Oh, those oranges arriving in the midst of the North Dakota winters of the forties—the mere color of them, carried through the door in a net bag or a crate from out of the white, winter landscape. Their appearance was enough to set my brother and me to thinking that it might be about time to develop an illness, which was the surest way of receiving a steady supply of them.
“Mom, we think we’re getting a cold.”
“We? You mean, you two want an orange?”
This was difficult for us to answer or dispute; the matter seemed moved beyond our mere wanting.
“If you want an orange,” she would say, “why don’t you ask for one?”
“We want an orange.”
“‘We’ again. ‘We want an orange.’ ”
“May we have an orange, please.”
“That’s the way you know I like you to ask for one. Now, why don’t each of you ask for one in that same way, but separately?”
“Mom . . .” And so on. There was no depth of degradation that we wouldn’t descend to in order to get one. If the oranges hadn’t wended their way northward by Thanksgiving, they were sure to arrive before the Christmas season, stacked first in crates at the depot, filling that musty place, where pews sat back to back, with a springtime acidity, as if the building had been rinsed with a renewing elixir which set it right for yet another year. Then the crates would appear at the local grocery store, often with the top slats pried back on a few of them, so that we were aware of a resinous smell of fresh wood, in addition to the already orangy atmosphere that foretold the season more explicitly than any calendar.
And in the broken-open crates (as if burst by the power of the oranges themselves), one or two of the lovely spheres would lie free of the tissue they came wrapped in — always purple tissue, as if that were the only color that could contain the populations of them in their nestled positions. The crates bore paper labels at one end —of an orange against a blue background, or of a blue goose against an orange background — signifying the colorful other world (unlike our wintry one) that these phenomena had arisen from. Each orange, stripped of its protective wrapping, as vivid in your vision as a pebbled sun, encouraged you to picture a whole pyramid like this in a bowl on your dining room table, glowing in the light, as if giving off the warmth that came through the windows from the real winter sun. And all of them came stamped with a blue-purple name as foreign as the other world that you might imagine as their place of origin, so that on Christmas day you would find yourself digging past everything else in your Christmas stocking, as if tunneling down to the country of China, in order to reach the rounded bulge at the tip of the toe which meant that you had received a personal reminder of another state of existence, wholly separate from your own.
The packed heft and texture, finally, of an orange in your hand —this is it! —and the eruption of smell and the watery fireworks as a knife, in the hand of someone skilled, like our mother, goes slicing through the skin so perfect for slicing. This gaseous spray can form a mist like smoke, which can then be lit with a match to create actual fireworks, if there is a chance to hide alone with a match (matches being forbidden) and the peel from one. Sputtery ignitions can also be produced by squeezing a peel near a candle (at least one candle is generally always going at Christmastime), and the leftover peels are set on the stovetop to scent the house.

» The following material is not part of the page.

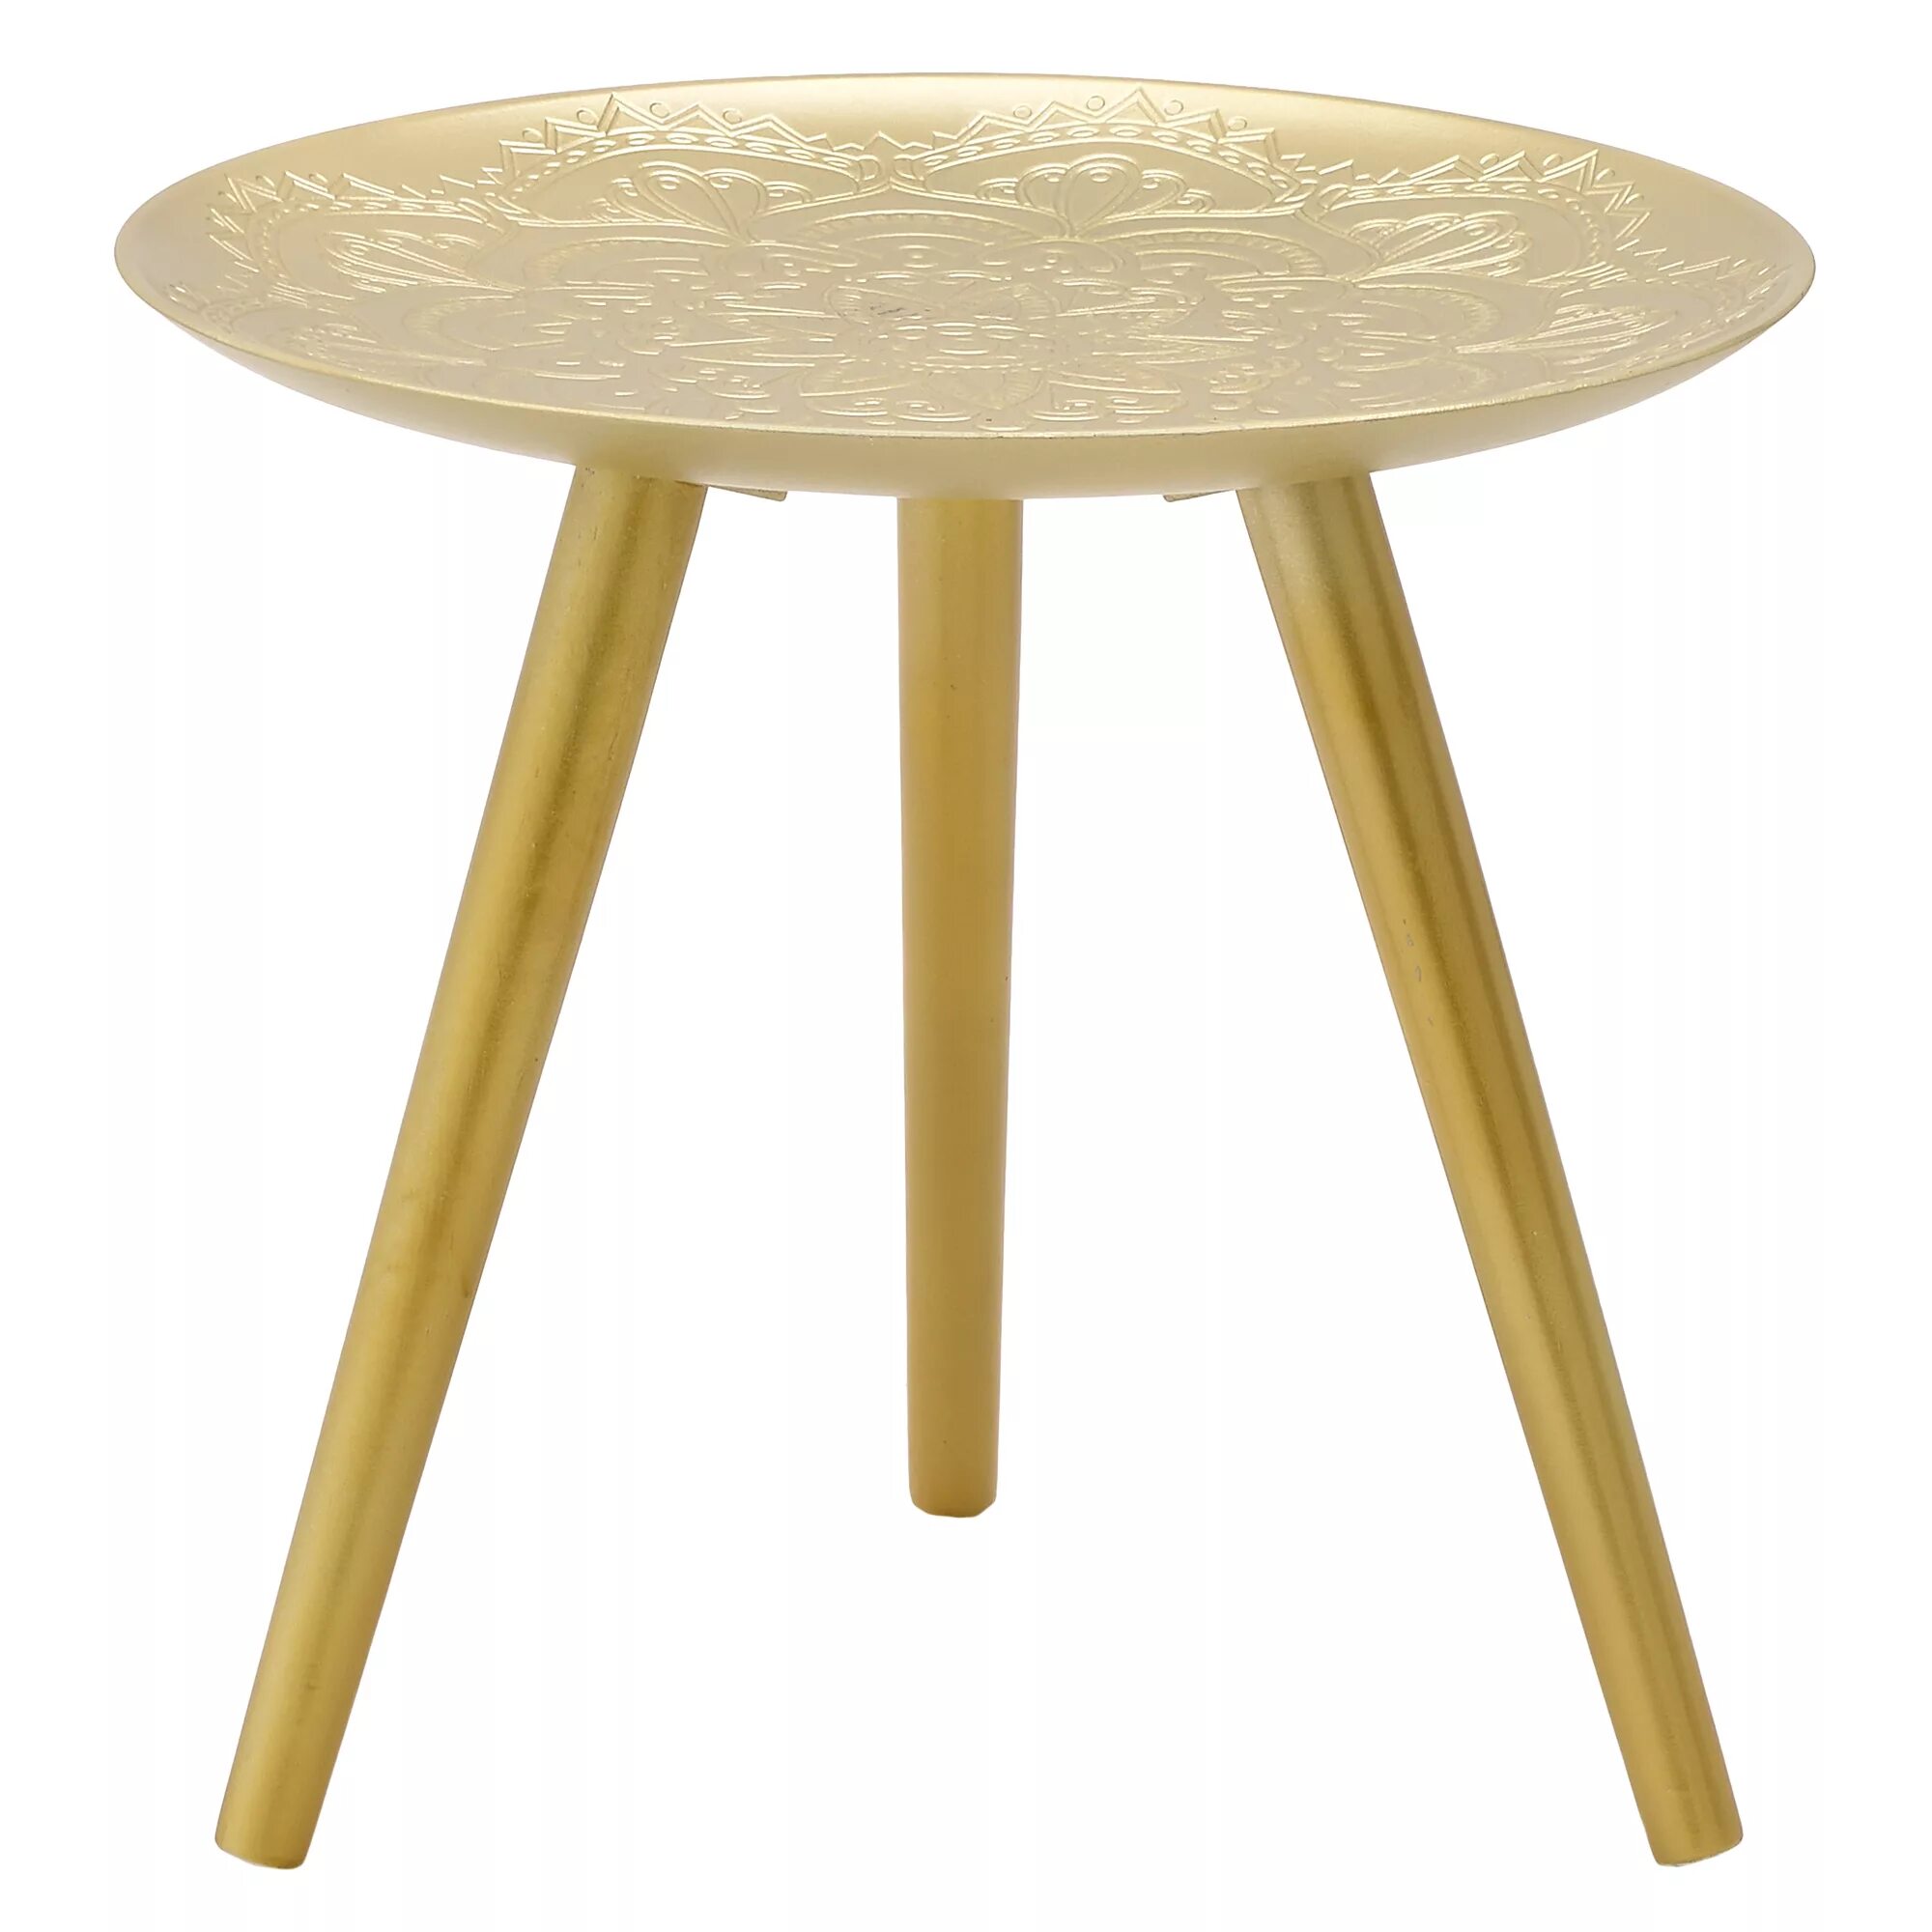 Золотой кофейный стол “Шэрон”. Кофейный столик золотого цвета артикул: IMR-1187420. Столик кофейный золотого цвета. Кофейный Стоик золотой.

And the ingenious way in which oranges come packed into their globes! The green nib at the top, like a detonator, can be bitten off, as if disarming the orange, in order to clear a place for you to sink a tooth under the peel. This is the best way to start. If you bite at the peel too much, your front teeth will feel scraped, like dry bone, and your lips begin to burn from the bitter oil. Better to sink a tooth in this greenish or creamy depression, and then pick at that point with the nail of your thumb, removing a little piece of the peel at a time. Later, you might want to practice to see how large a piece you can remove intact. The peel can also be undone in one continuous ribbon, a feat which maybe your father is able to perform, so that after the orange is freed, looking yellowish, the peel, rewound, will stand in its original shape, although empty.